Unter Umständen möchte ein Patient, obwohl er als Versicherter Leistungen der gesetzlichen Krankenversicherung beanspruchen kann, gleichwohl privatärztlich behandelt werden. Anhand eines einfachen Beispiels wird nachfolgend auf einzelne Aspekte zur Abrechnung der anfallenden Leistungen eingegangen:
„Der gesetzlich Versicherte P geht zu seiner Hautärztin, um sich einen Leberfleck entfernen zu lassen. Obwohl in diesem konkreten Fall aus Sicht der Hautärztin zweifelsfrei eine gesetzliche Leistung vorliegt, möchte P, ohne die Gründe näher darzulegen, gleichwohl eine privatärztliche Behandlung.“
Die privatärztliche Behandlung des Patienten ist in einem solchen Fall nicht grundsätzlich ausgeschlossen. Jeder gesetzlich Versicherte kann auf seinen Anspruch auf ärztliche Behandlung und Heilfürsorge verzichten und stattdessen den Arzt auf eigene Rechnung in Anspruch nehmen. Die Ärztin darf hier jedoch nur dann privatärztlich tätig werden, wenn der Patient die Privatbehandlung ausdrücklich wünscht und dies auch vor Behandlungsbeginn schriftlich bestätigt (§ 18 Absatz 8 BMV-Ä bzw. § 21 Absatz 8 EKV). In der schriftlichen Bestätigung muss die Information enthalten sein, dass es sich bei der konkret bezeichneten Behandlung um eine gesetzliche Leistung handelt, auf die der Versicherte ohne eigene Kostentragung Anspruch hat, und der Patient sich gleichwohl in diesem Wissen auf eigene Kosten behandeln lassen will.
„Der gesetzlich Versicherte P begibt sich nunmehr zu seinem Hausarzt. Er schildert diesem, dass er sich zuvor bei der Hautärztin einen Leberfleck auf eigene Kosten entfernen lassen hat. Die Nachbehandlung will P jedoch über die „Chipkarte“ erbracht haben.“
Der Wunsch des Patienten geht hier dahin, nach der privatärztlichen Behandlung gleichwohl für die Nachbehandlung Leistungen der gesetzlichen Versicherung in Anspruch zu nehmen. Ob dies möglich ist, hängt davon ab, ob sich die gesamte Behandlung, hier die Leberfleckentfernung, in selbständige Behandlungsschritte trennen lässt oder nicht. In den hierzu von den Gerichten getroffenen Entscheidungen werden Leistungen, die nach dem Lebenssachverhalt miteinander zusammenhängen, als eine medizinische Einheit aufgefasst; eine Trennung dieser Einheit in privatärztliche und gesetzliche Teile wird abgelehnt.
Der Hausarzt müsste hier also den Patienten darauf aufmerksam machen, dass die Leberfleckentfernung und die notwendige Nachbehandlung eine Behandlungseinheit darstellen. Die gewünschte Nachbehandlung kann folglich nicht zu Lasten der gesetzlichen Krankenversicherung erbracht werden. So ist auch sichergestellt, dass der Hausarzt nicht einzelne Leistungen zu Lasten der gesetzlichen Krankenversicherung erbringt, die womöglich schon zuvor auf Kosten des Patienten abgerechnet worden sind. Eine doppelte Abrechnung sowohl als privatärztliche als auch als gesetzliche Leistung ist unzulässig.

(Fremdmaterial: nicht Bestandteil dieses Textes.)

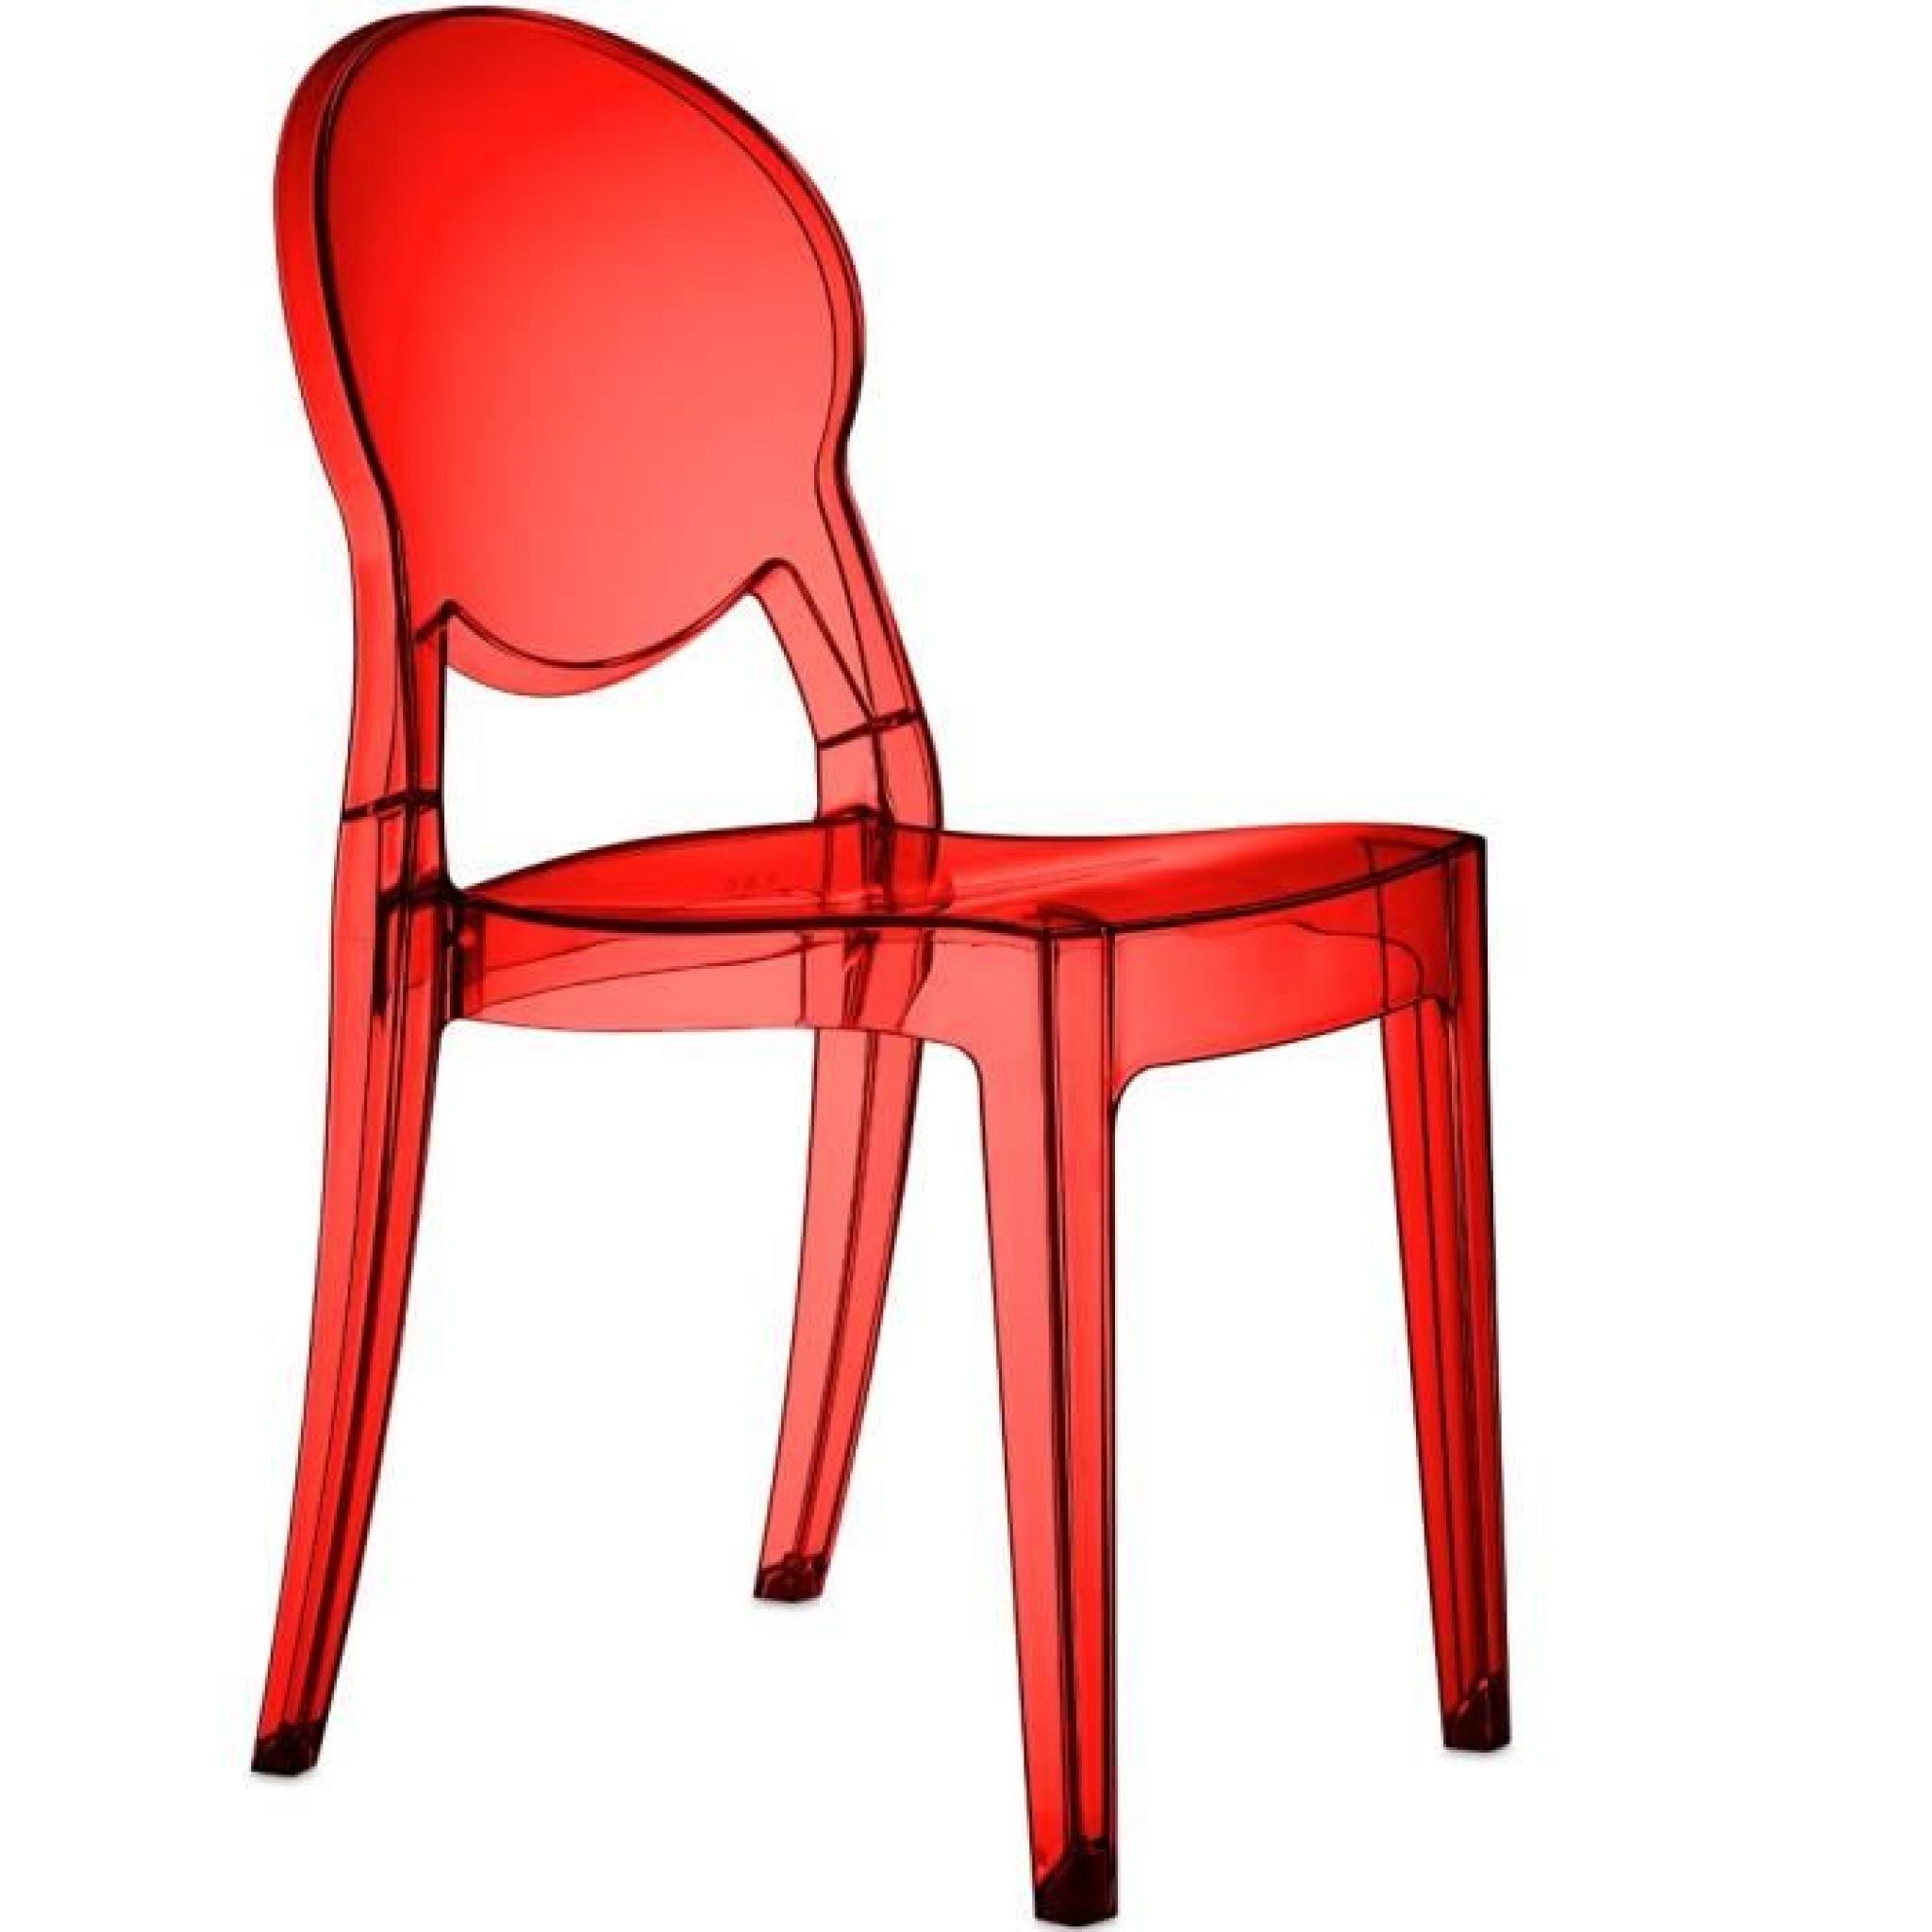 Chaise design Régence rouge Couleur Rouge Matière. Polycarbonate pas cher
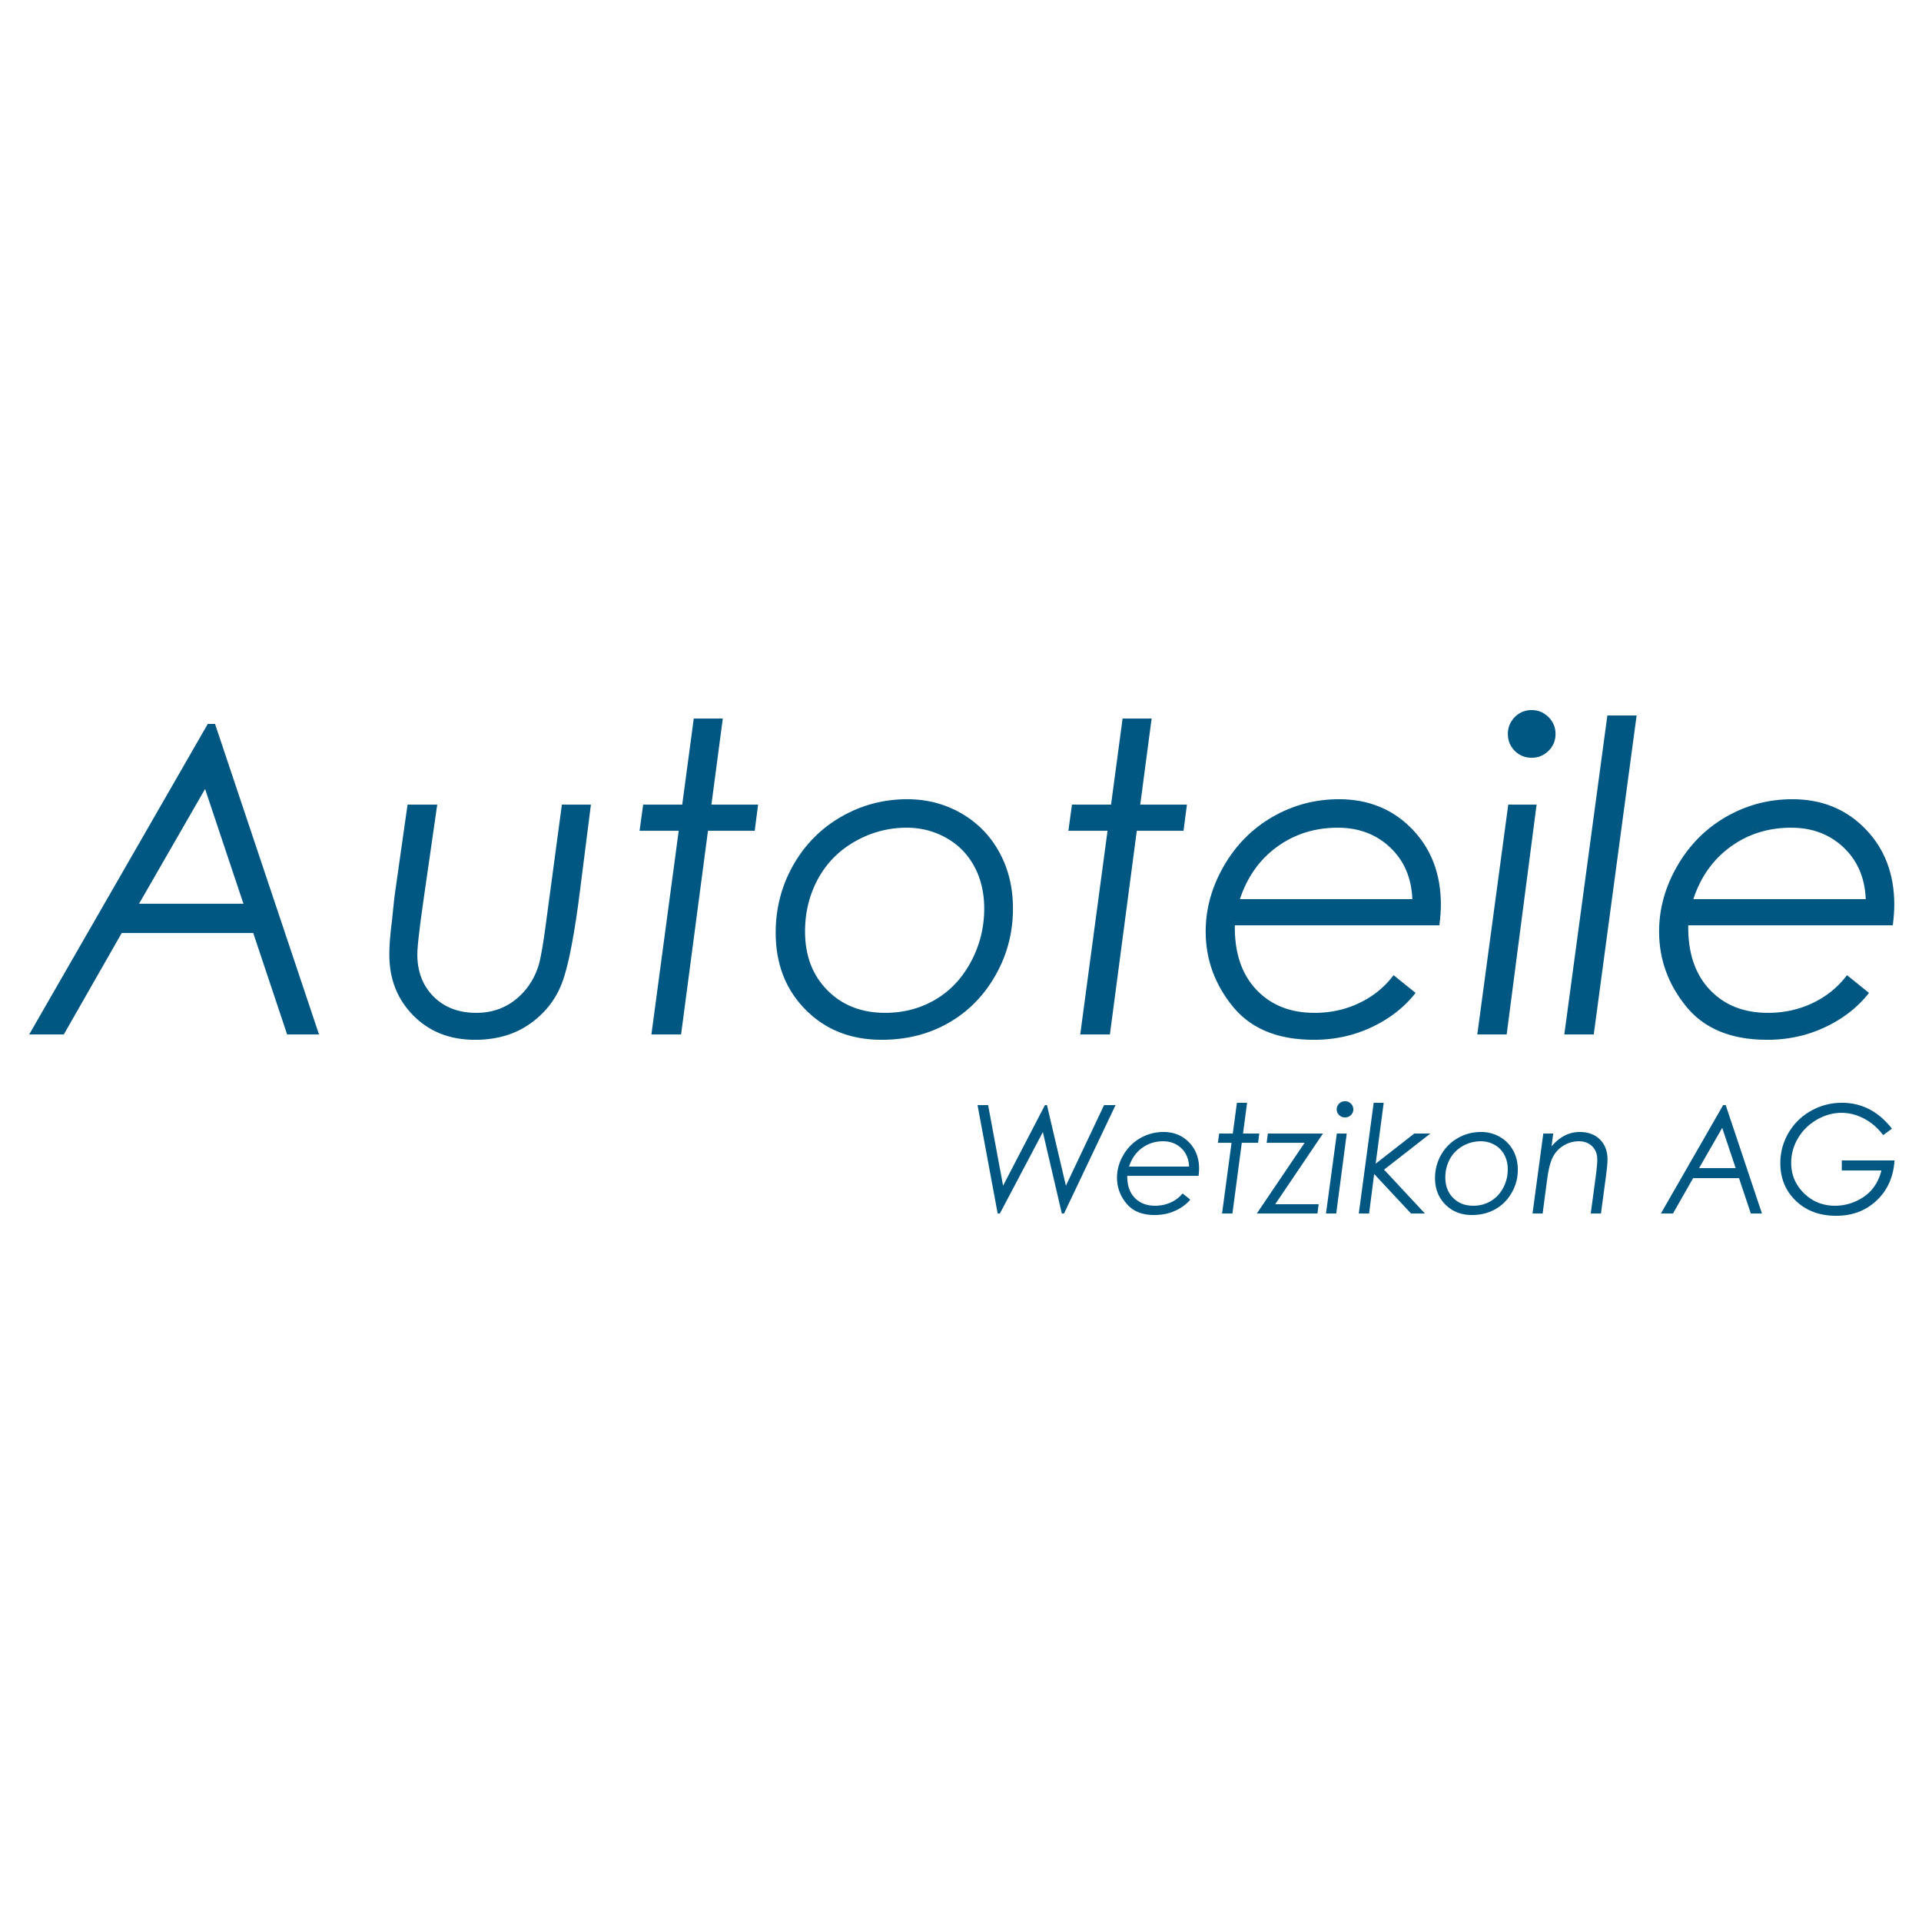 Autoteile Wetzikon AG Logo

„Auf Anraten seines Hausarztes begibt sich P nochmals zur Hautärztin und lässt von dieser ohne weitere Kosten im Rahmen des bisherigen privatärztlichen Vertrages die notwendige Nachbehandlung durchführen. Als sich die Wunde nach ein paar Tagen jedoch unerwartet entzündet, sucht P erneut seinen Hausarzt auf.“
Sofern zuvor bei der notwendigen Nachbehandlung noch von einer medizinischen Einheit im Rahmen der Leberfleckbehandlung auszugehen war, besteht diese Einheit hier wohl nicht mehr. Die Entzündung stellt sich als neues Ereignis bzw. Erkrankung dar, die nicht notwendiger Leistungsbestandteil der anvisierten Nachbehandlung ist. Daraus folgt, dass die Behandlung der Entzündung des Patienten zu Lasten der gesetzlichen Krankenversicherung vorzunehmen ist. Dies gilt auch unabhängig davon, ob hier der Hausarzt oder die Hautärztin tätig wird. Zur Ergänzung sei noch auf den Artikel „Abrechnung ärztlicher Folgebehandlungen“ im KV-Journal März 2011 hingewiesen, wonach auch bei sogenannten Schönheitseingriffen die Behandlung etwaiger Komplikationen zu Lasten der gesetzlichen Krankenversicherung zu erfolgen hat.